Virgil hesitated, long enough to make her afraid that it was failing, after all.
“A rival program is uploading itself from the No-A computers,” Virgil said finally. “It is more…vigorous than I am. It has assumed some measure of
control over all primary systems, including comms and life support.”
“It turned everything off?” Jaeger held her breath, afraid of the answer.
“No,” Vigil said slowly. “I don’t think so. It does not appear to be damaging the ship in any way I can detect. I believe Sphynx is commanding the new program from No-A. He does require life support.”
“He’s making the ship hostile to us,” Toner grunted. Jaeger looked at him sharply. Toner shrugged. “It’s a combat tactic. Cause mass confusion. Disorient the opponent. Scramble the comms. Take away their hearing. Render them blind.” He let out an annoyed hiss. “I saw his enhancement file. Unlike us, the fucker can see just fine in the dark.”
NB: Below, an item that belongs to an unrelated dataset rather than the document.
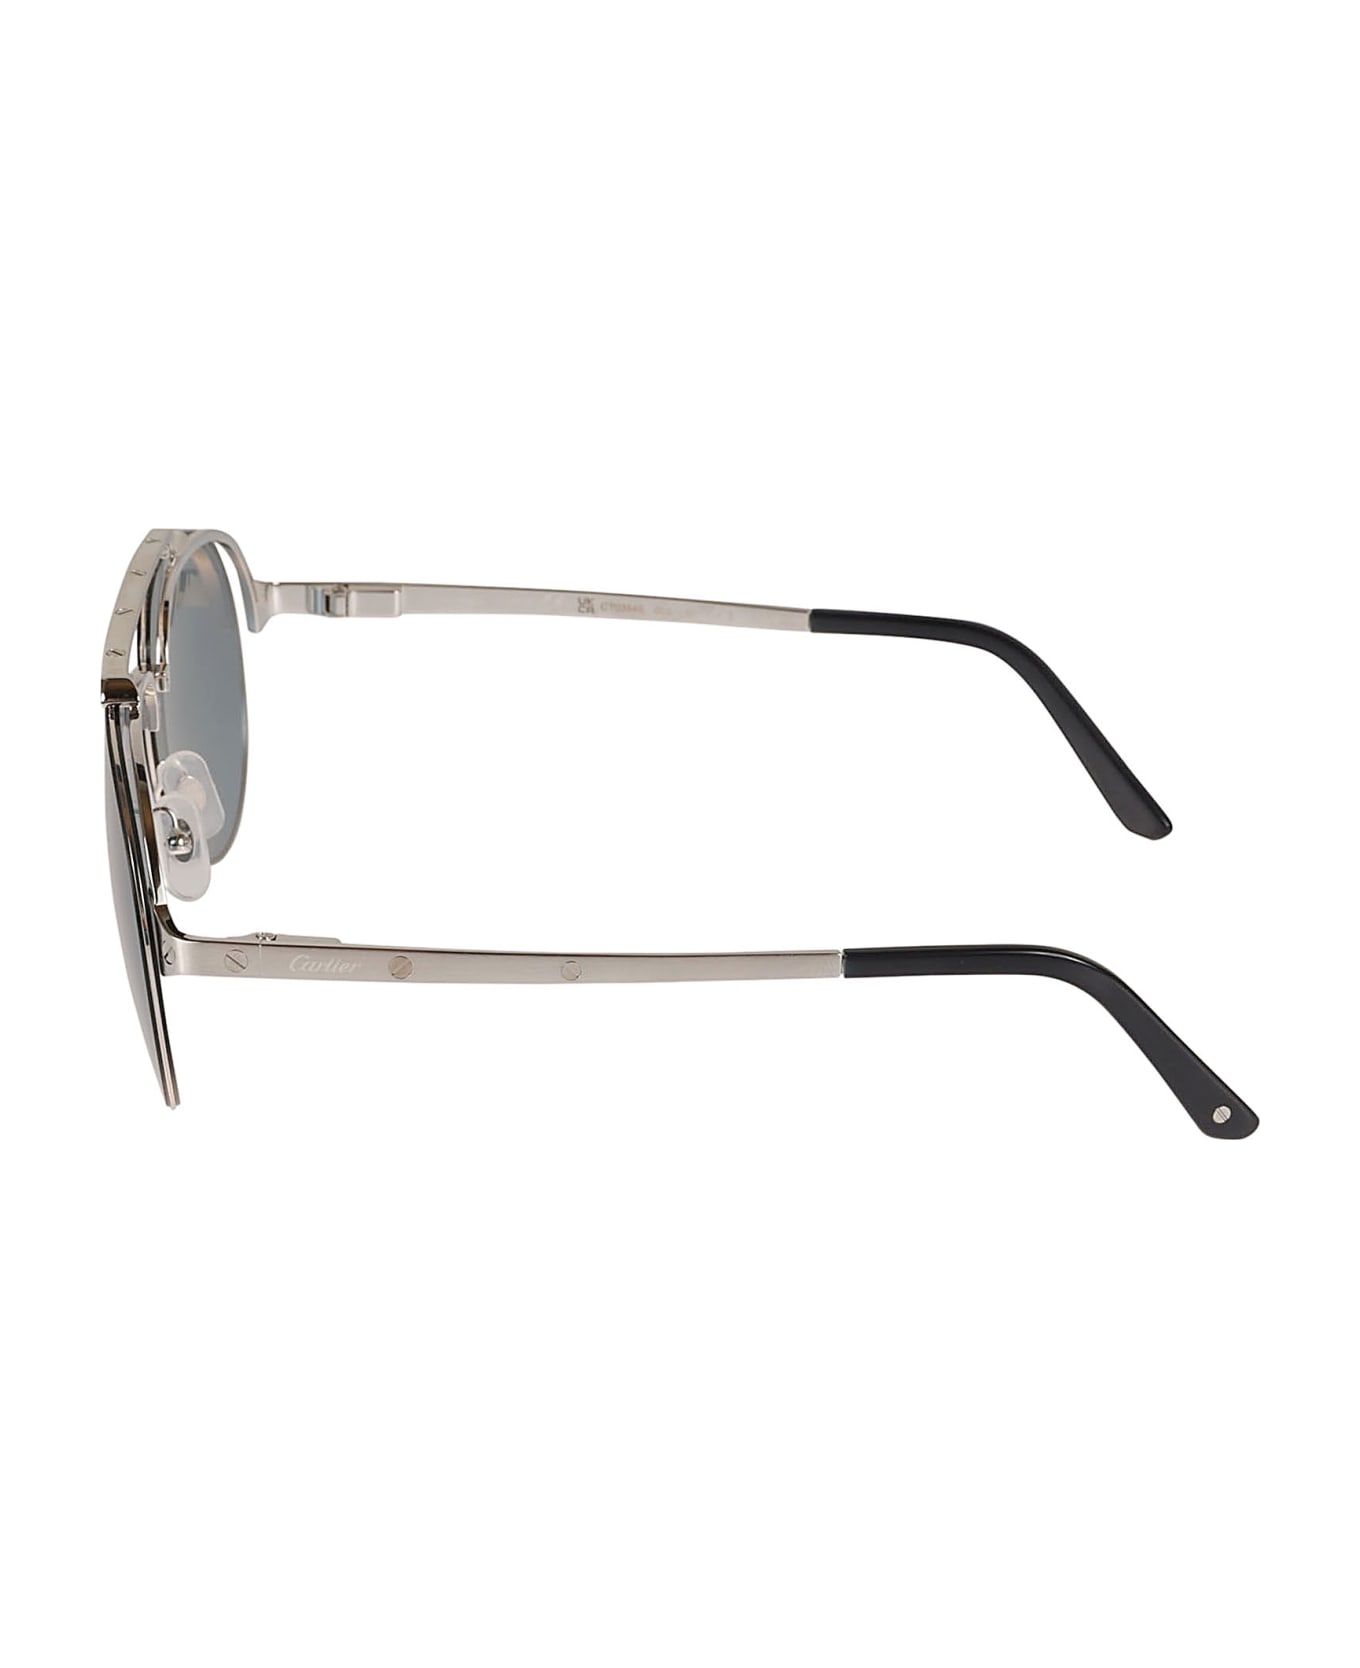 Cartier Eyewear Full Rim Aviator Lens Sunglasses - 003 silver silver blue サングラス

“At least we have the hoods,” Jaeger breathed.
“At this rate,” Virgil said, “The new program will have me entirely overwritten within the hour. My control over ship systems is failing rapidly. I’ve already lost the ability to detect bio-signs. The last I knew, Sphynx was in No-A. Now, I am blind.”
“It’s the Crusade Protocol,” Jaeger whispered. She pressed her eyes shut. Virgil was watching itself being slowly destroyed and couldn’t do a damn thing about it. “We found a backup hard drive in the captain’s quarters. Sphynx must have stolen it. God, I’m sorry.”
“Don’t you mean in your quarters, Captain?”
Jaeger swallowed and said nothing.
“So you know.” Virgil sighed. “I suppose it doesn’t matter, now.”
Jaeger shook her head. “Don’t give up and die. It’s been a rough few days, but we can fix this. Help me. Help me help you.”
“Sarah Jaeger,” Virgil said quietly. “You didn’t give one shit when an alien AI invaded my systems and used me, as long as you thought it served your ends. You will continue to use me however you wish to further your ambitions. With no due respect, Captain: fuck you.”
Something bumped into Jaeger’s leg, and she looked down to see that Toner had drifted close. He was staring in her direction.
She felt cold all over and couldn’t tell if it was shock, failing life support, or pure existential dread.